** Supplied data follows **

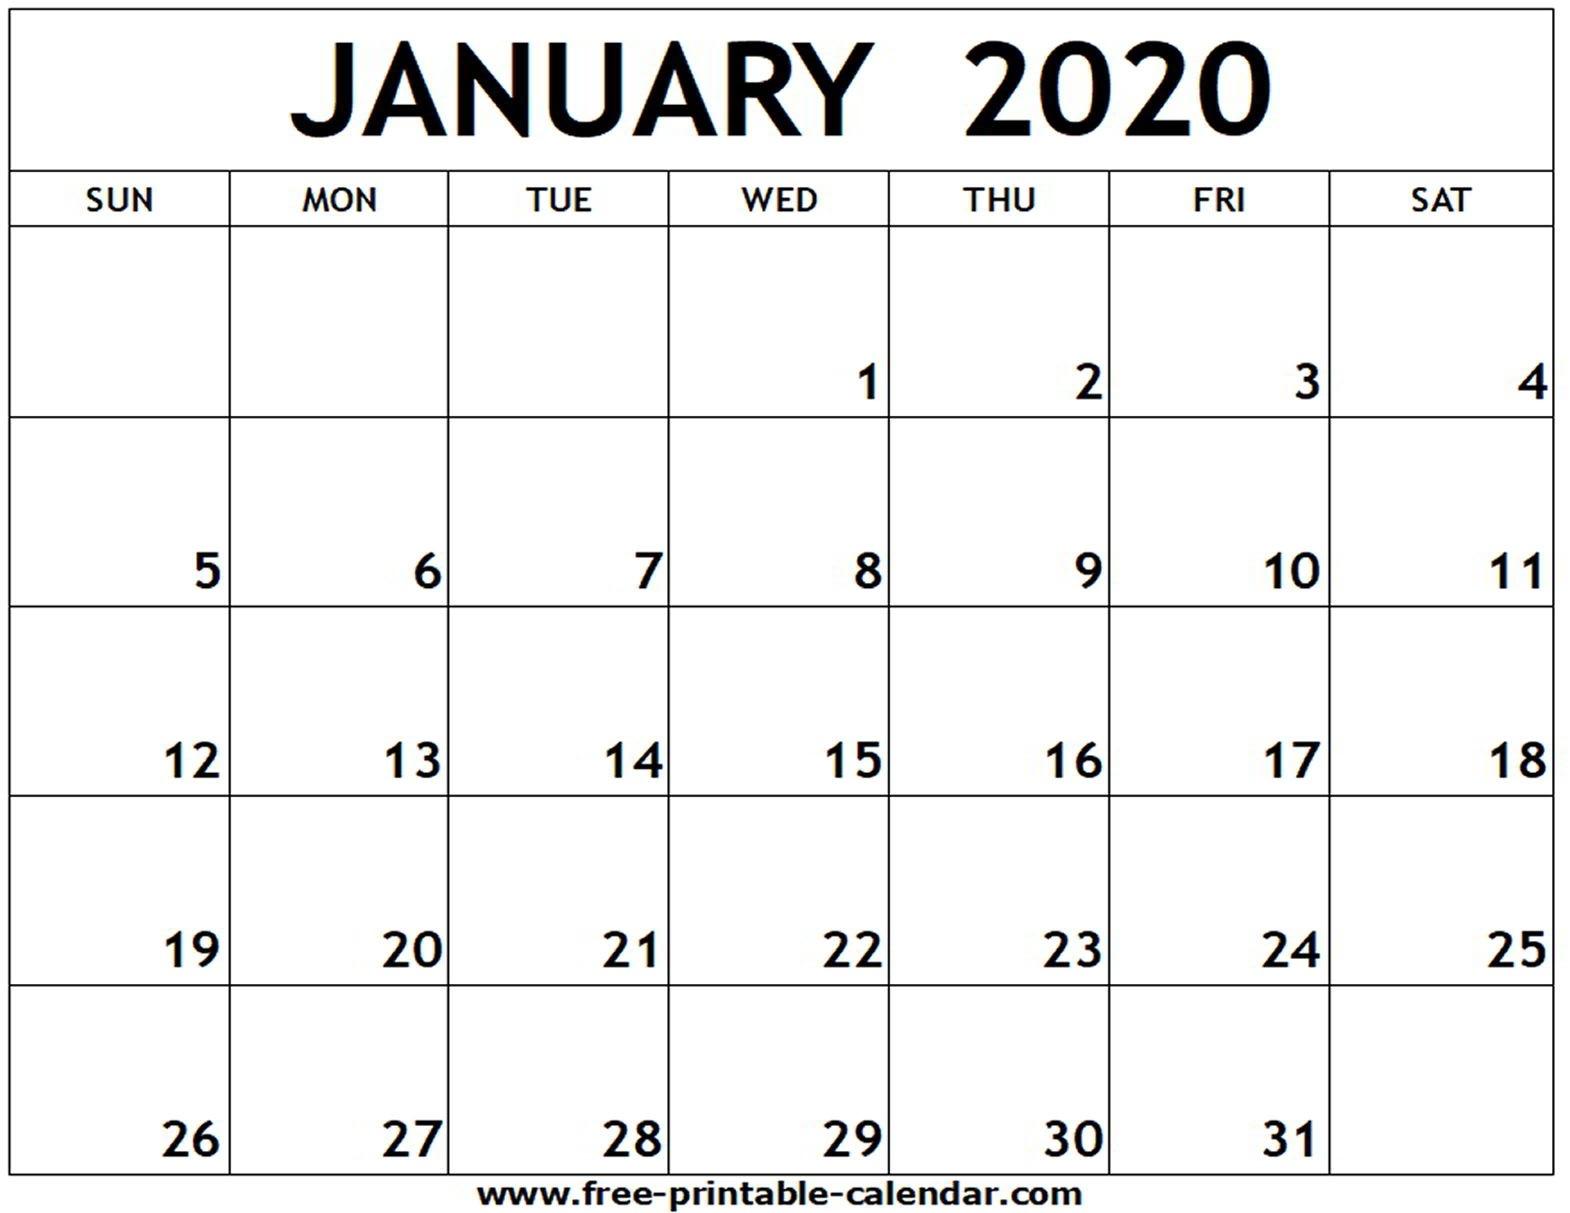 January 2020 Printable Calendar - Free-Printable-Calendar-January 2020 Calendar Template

** End of Supplied data **
** Supplied data follows **

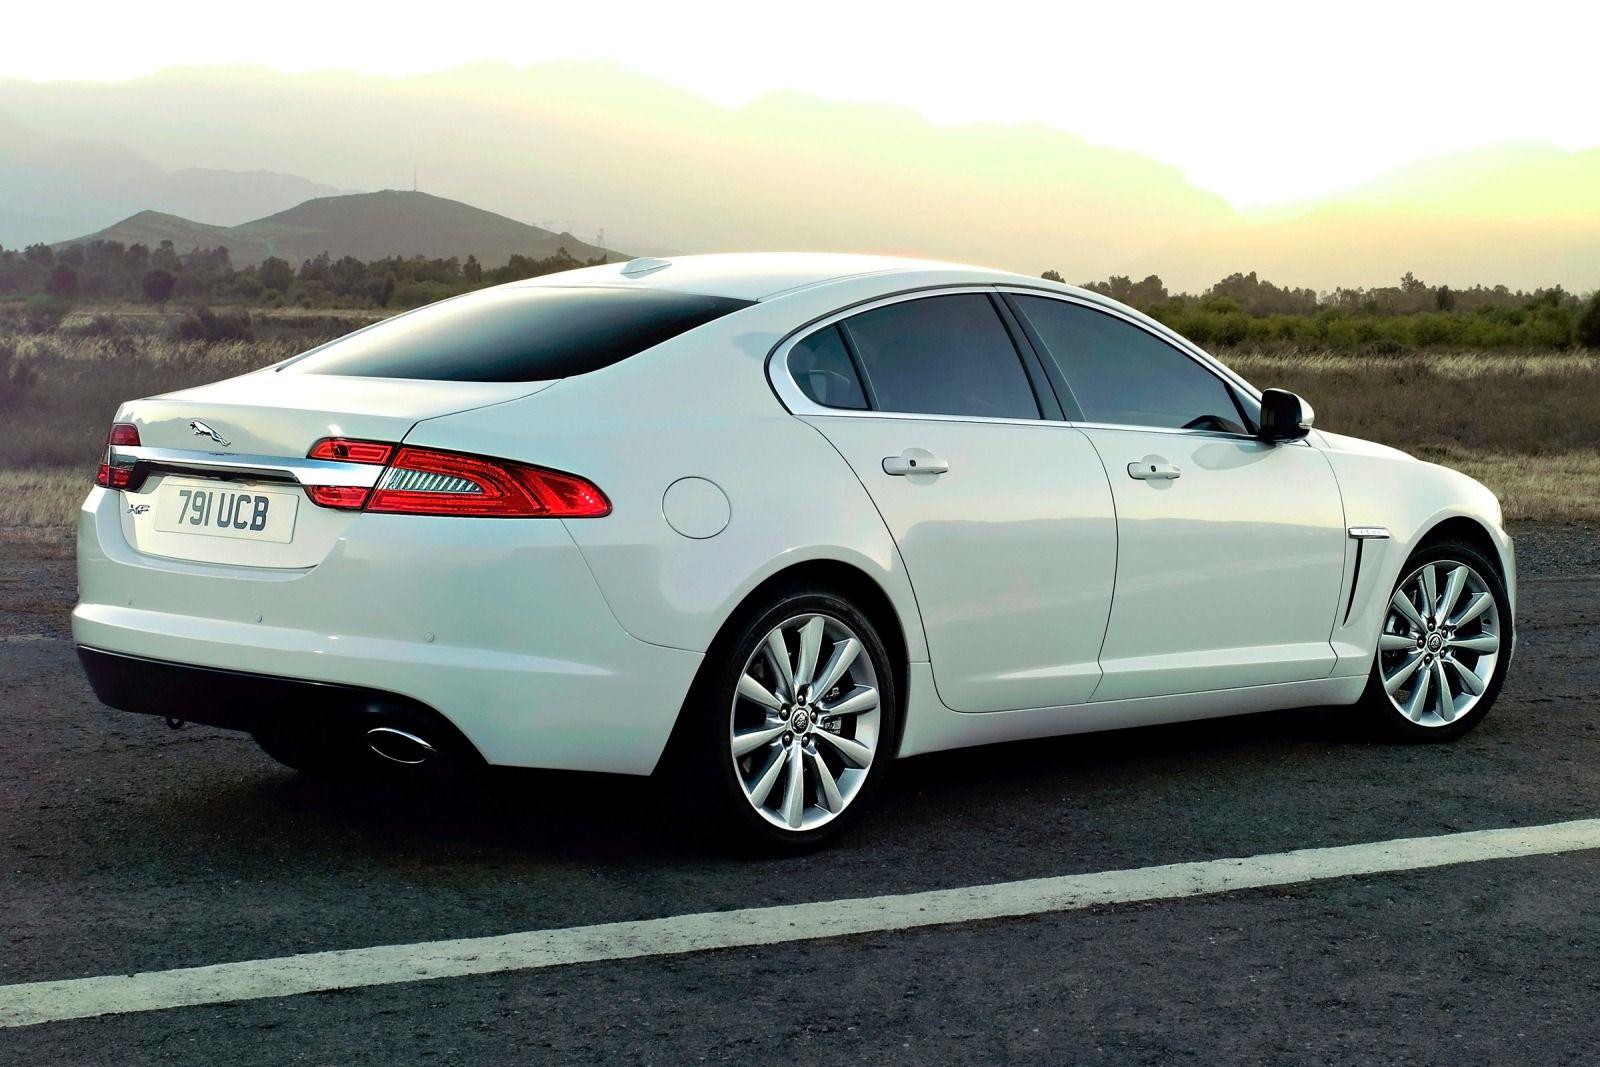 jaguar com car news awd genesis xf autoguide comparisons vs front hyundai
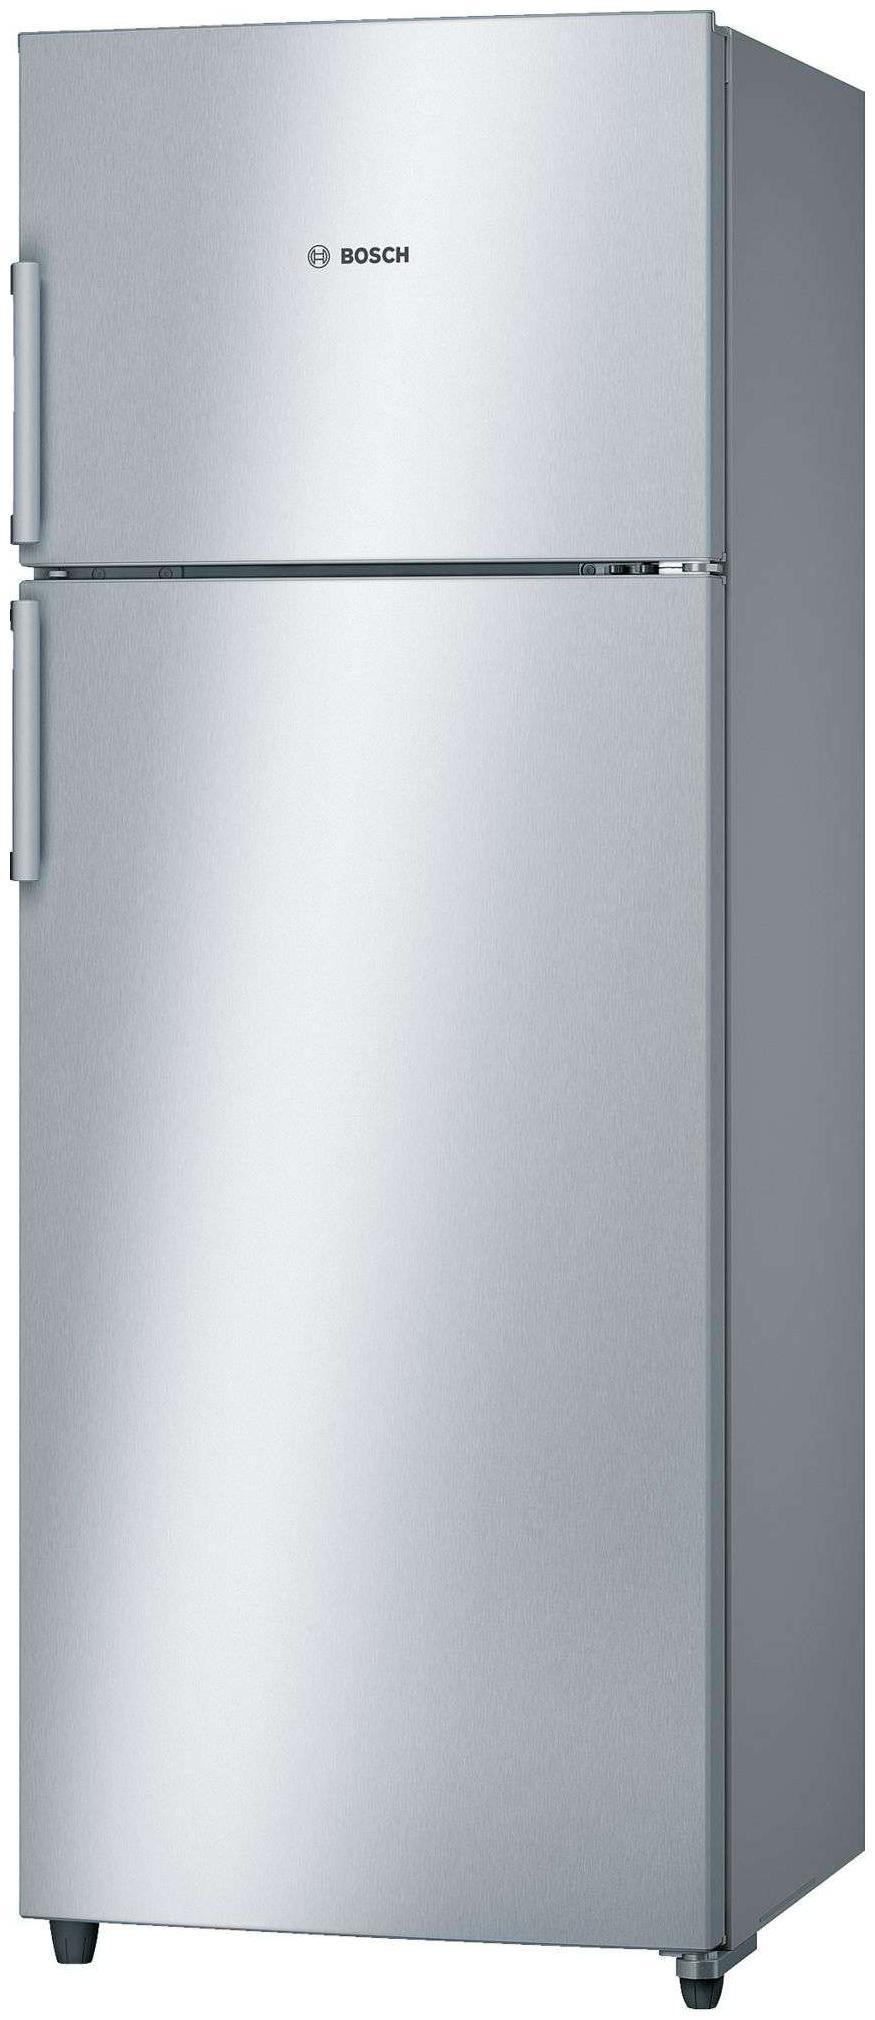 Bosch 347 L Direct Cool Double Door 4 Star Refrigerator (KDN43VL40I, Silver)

** End of Supplied data **

> **Task objective**
Pictures excluded, give again exactly and only the lines of the material above from the line with "jaguar com car" through the line with "Bosch 347 L".

> **Exercise solution**
 jaguar com car news awd genesis xf autoguide comparisons vs front hyundai
 Bosch 347 L Direct Cool Double Door 4 Star Refrigerator (KDN43VL40I, Silver)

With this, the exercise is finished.